TASK DIRECTIONS →
Transcribe exactly the lines that fall between the one holding "見つけるコーンウォールスキップTwinkle Storeジェルネイル クリアブルーミングジェル" and the one holding "26a53b99bba6c Nike Sportswear", inclusive, from the entries below.

### RECORDS PROVIDED ###

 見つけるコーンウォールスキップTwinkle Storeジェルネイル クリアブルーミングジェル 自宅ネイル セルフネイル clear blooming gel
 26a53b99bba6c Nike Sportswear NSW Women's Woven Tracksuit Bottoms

###
### RECORDS PROVIDED ###

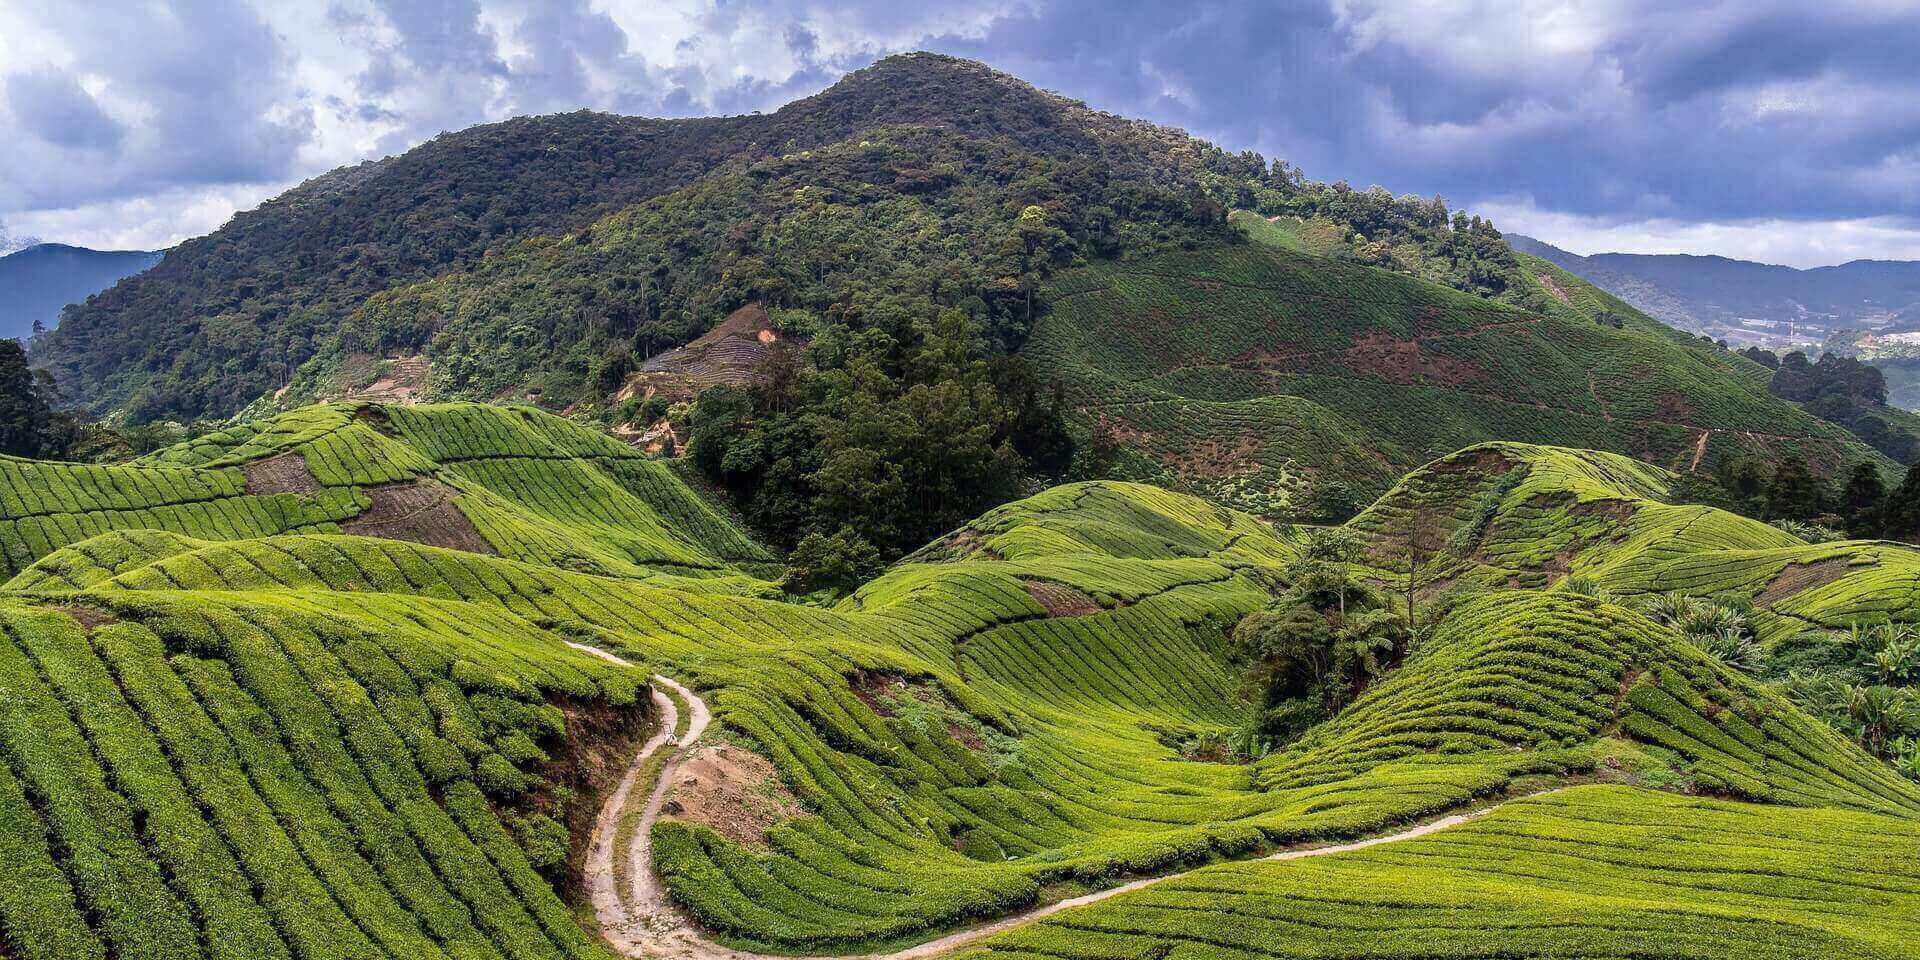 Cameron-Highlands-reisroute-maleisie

###

EXERCISE RESPONSE →
 見つけるコーンウォールスキップTwinkle Storeジェルネイル クリアブルーミングジェル 自宅ネイル セルフネイル clear blooming gel
 26a53b99bba6c Nike Sportswear NSW Women's Woven Tracksuit Bottoms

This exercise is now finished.